Photo of Pavel Semenischev

Pavel Semenischev

  • 15 Posts
  • 2 Reply Likes

Posted 1 year ago

  • 1
Photo of Michael Brado

Michael Brado, Official Rep

  • 2300 Posts
  • 314 Reply Likes
No, there is no such flag.
Photo of Pavel Semenischev

Pavel Semenischev

  • 15 Posts
  • 2 Reply Likes
Hi Michael,
I know that there is no such feature, I was told about it in technical support.
I noted my message as an idea, because it is worth considering as a future request.
I captured the radio interface traffic from the street access points.
63.6% of all traffic is the probe response packets. 54.9% of all traffic - probe responce retry packages to broadcast probe requests that contain a wildcard SSID.
It's horrible. And by and large, these packages are meaningless
Photo of Novell Red

Novell Red

  • 3 Posts
  • 0 Reply Likes
I am capturing the same thing. When the client sends out a wildcard probe request my wireshark capture files shows dozens and dozens of probe response retries.
Photo of Josef Felber

Josef Felber

  • 6 Posts
  • 0 Reply Likes
Hi,
we are observing the same issue and I think it is a severe degradation of performance. In an medium to dense access point environment we get a rising number of complaints regarding VoWLAN clients when roaming in hidden SSIDs and multi-SSID setups. The issue is especially related to "smart" phone clients as those seem to be programmed for SSID-broadcast probe request in case of hidden SSIDs. With Ruckus access points which are obviously programmed for beam steering even at that early stage when responding to probe request (which are MAC broadcasts) an avalanche of probe reports and retransmits is triggered. Most of these will not be received by the probing client as the avalanche will cause high interference in an (unavoidable) hidden station scenario. And many probe responses come from access points far to distant to have enough SNR at the clients (phones may be smart, but their antenna are weak). And last but not least it seems that the access point is first re-transmitting the first configured SSID a lot of times, then the second ... and so on. At the end it may happen that not a single probe reponse for the relevant VOIP SSID has been transmitted before there is a general response timeout. So it seems to be a good idea to make the VOIP SSID the first in the access points list, but that is not easy to achieve.
We have reports from customers that used the same smart phones for VOIP with Ubiquity hardware without roaming issues and then getting into trouble by upgrading to Ruckus.
I stongly believe there is an rather simple solution to improving the probing behaviour of Ruckus access points dramatically:
1. Reduce re-transmit number to onyl a few (2-3) for probe responses (and other messages to broadcast requests)
2. In multi-SSID send transmit and re-transmits in a round (the SSID list) robin manner.
3. Use a starting CWMin value depending on request RSSI to make responses from distant access points less prioritized than from close ones.
Kind Regards, Josef
(Edited)
Photo of Jeronimo

Jeronimo

  • 199 Posts
  • 22 Reply Likes
I hope to add the function for the AP to respond only to requests with more than a certain signal(RSSI threshold) even if other functions are excluded.
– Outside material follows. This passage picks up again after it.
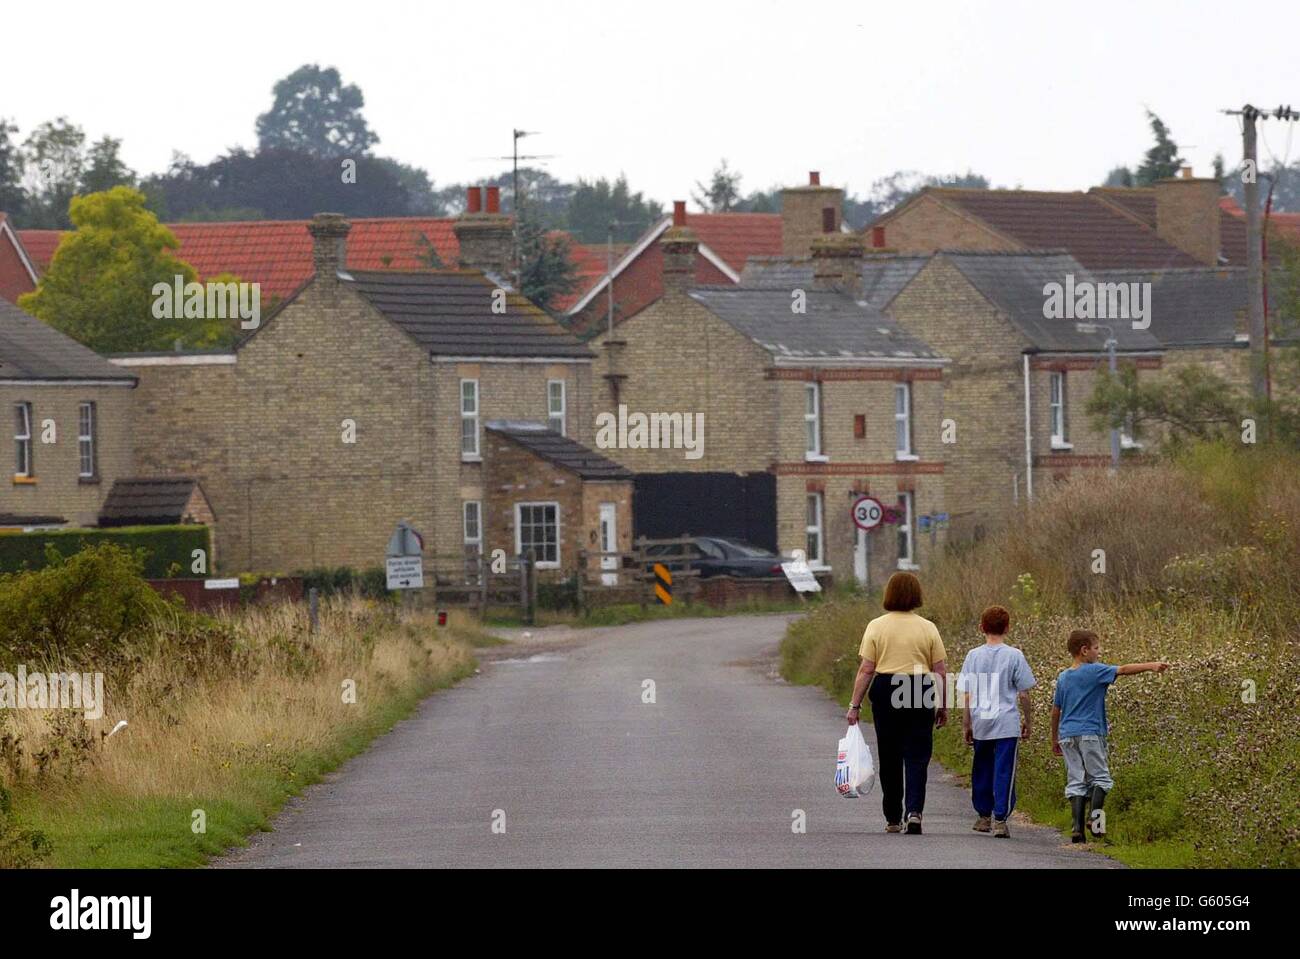 A woman walks along a country road into Soham, Cambridgeshire as the search for the missing 10-year-old girls, Holly Wells and Jessica Chapman continues. The two girls went missing on Sunday August 4 2002. *... Police have been focusing on sightings of the pair around Soham, where the girls disappeared. Officers are continuing house-to-house inquiries and have begun searching outlying areas of the town, including fields, ditches, drains and waterways. Torrential rain has lashed the town in the past 48 hours and officers have admitted they fear vital evidence could be washed away. Stock Photo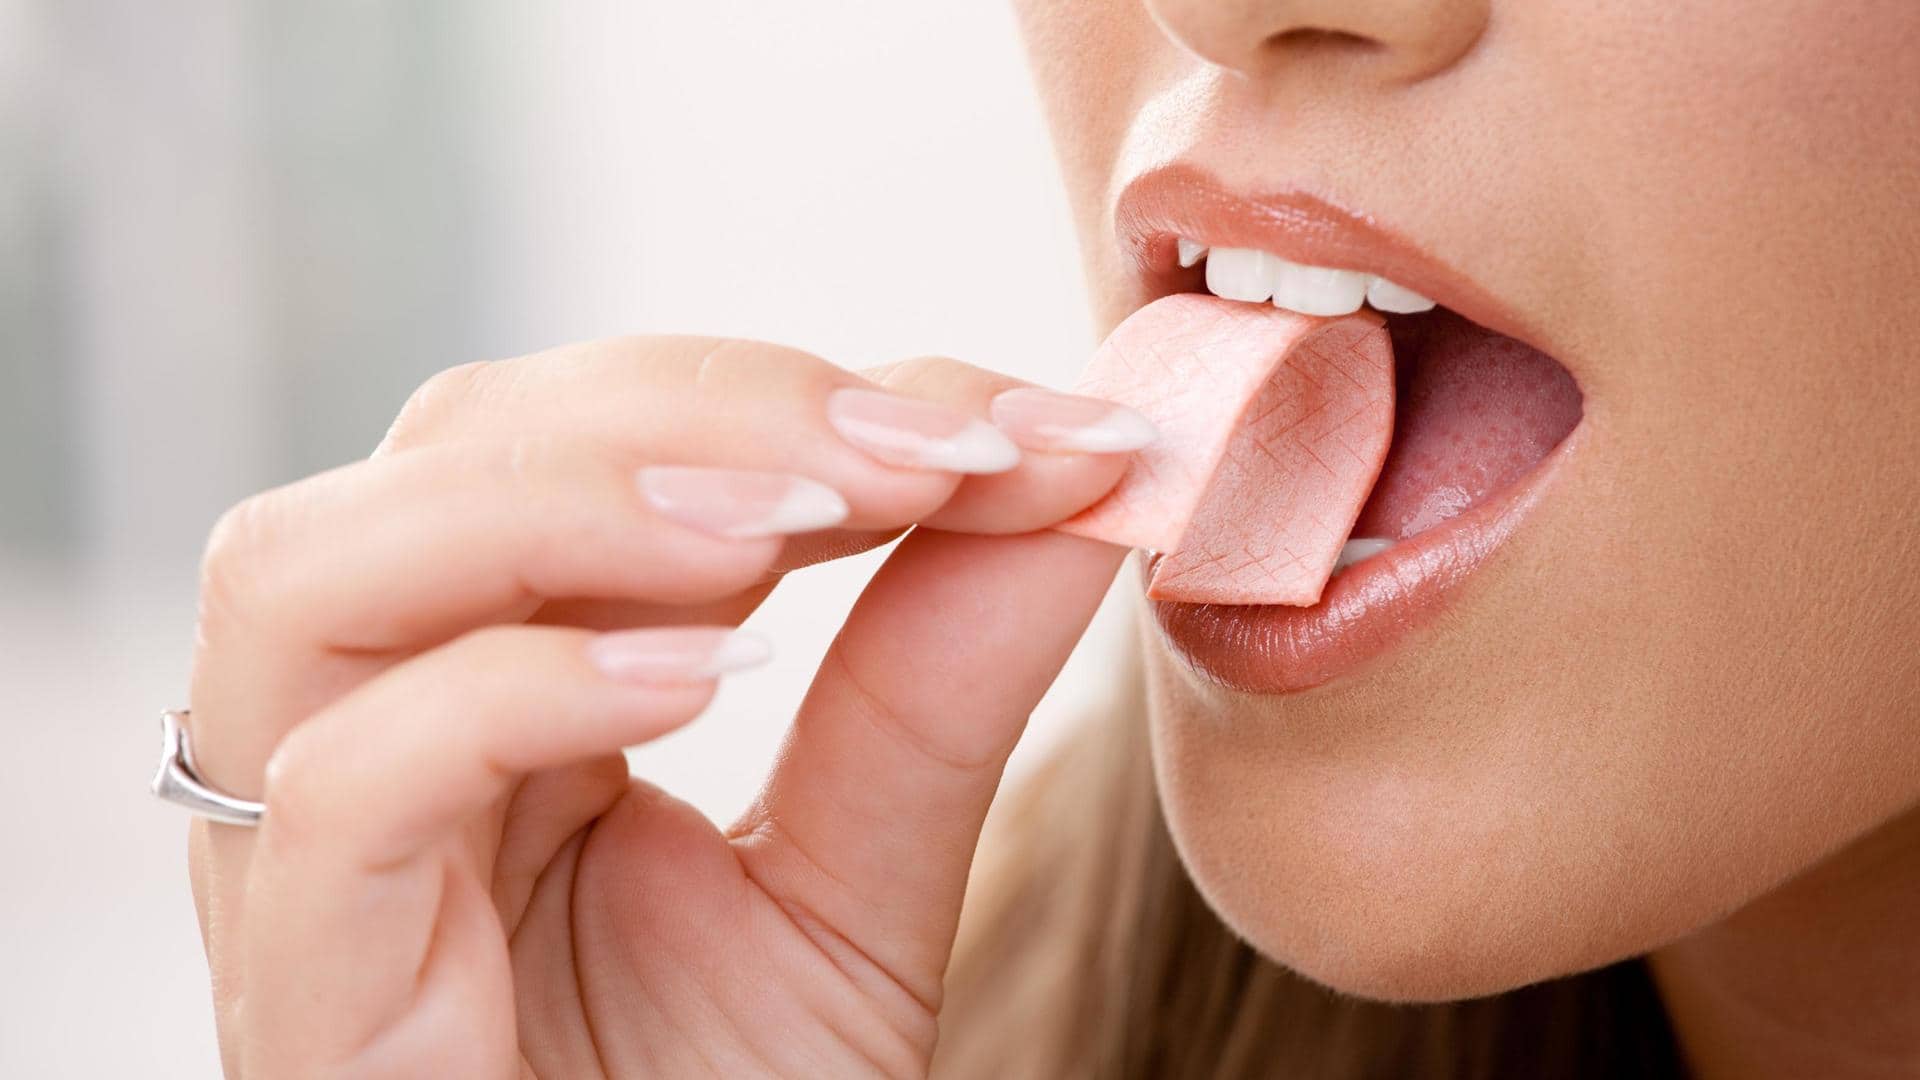 Chewing gum is healthy. Even science says so! Here's how

Example, Local Probe Request Threshold (dB) on Aruba.
(Edited)
Photo of Neil Mac

Neil Mac, Employee

  • 25 Posts
  • 8 Reply Likes
I'd be interested to hear more of what you are seeing here. Normally a probe request to a wildcard SSID is a broadcast, and the probe response does not get an ACK - so there should be no retries.

Beamflex only applies to data frames.

A direct probe response sent to an AP will receive an ACK, and then a direct probe response, which will also receive an ACK, but you're saying that the clients do not send the ACK as they're off doing something else, so the AP has to retry the Probe Response?

I'd like to see evidence of what you're stating above - do you have frame capture to show this? 
(Edited)
Photo of Josef Felber

Josef Felber

  • 6 Posts
  • 0 Reply Likes
Hi Neil
thanks for taking care.
To make clear, not the requests of the clients are retransmitted (at least not on the L2 level), but only the responses of the access points to these requests.
If you have access to support cases you can find some relevant packet traces in case ID 00527734, see e.g. "probe responses after ...pcap". There is also quite some discussion. (The case also contained a second issue with 5.5 MBit/s beacons on a ofdm-only SSID, but that has been split off). Case happend with older ZD firmware but more recent traces with newest FW show same behavior.
>>> Beamflex only applies to data frames.
I can only asume that the unusual high number of retransmits is due to Beamflex. Even if this is not the case the parameter for the retransmit number seems to be the same or similar to data packets.
>>> but you're saying that the clients do not send the ACK
I only can trace packets at the access point - not (in parallel) at the client. So I have to deduce that the client does not receive probe responses correctly due to high interference caused by hidden stations (whose probe response packets do not show up in the trace for that reason). There is also some indication that the APs do use a rather small CW window for probe responses and do not enlarge the CW window as a consequence of retransmitting. If this is actually true (timing of traces is not very precise) , I asume this is caused by the high priority of management frames. But with probe responses being responses to broadcast request this small CW window may degrade the effectiveness of the probe mechansim. Here it also plays a role that in a multi-SSID setup the order of probe responses for different SSIDs seems not to be optimized. Typically all SSIDs should be probe-responded one after another (or maybe SSIDs with high priority should be reponded first) and only then retransmit should start on all SSIDs. Actually it seems that the first SSID in the list will be retransmitted a lot of times and then the next SSID will follow. But there seems to be no clear rule on that. Looking a the traces there seems to be a timeout on probe responses to a certain request - which makes sense. However, caused by the obvious interference and by the order that SSIDs are probe-reponded it seems possible that some SSIDs are never responded within the timeout period. Judging by the traces timeout of probe responses seems to be around 50 msec. But that means that active probing is not very much faster than simply listening to beacons (which of course does not work with hidden SSIDs) but also that the shown and traced situation would cause a 50 msec full contention of one of the rare 2.4 GHz channels in a rather vast spacial region (Ruckus APs high RX sensitivity can be cumbersome...)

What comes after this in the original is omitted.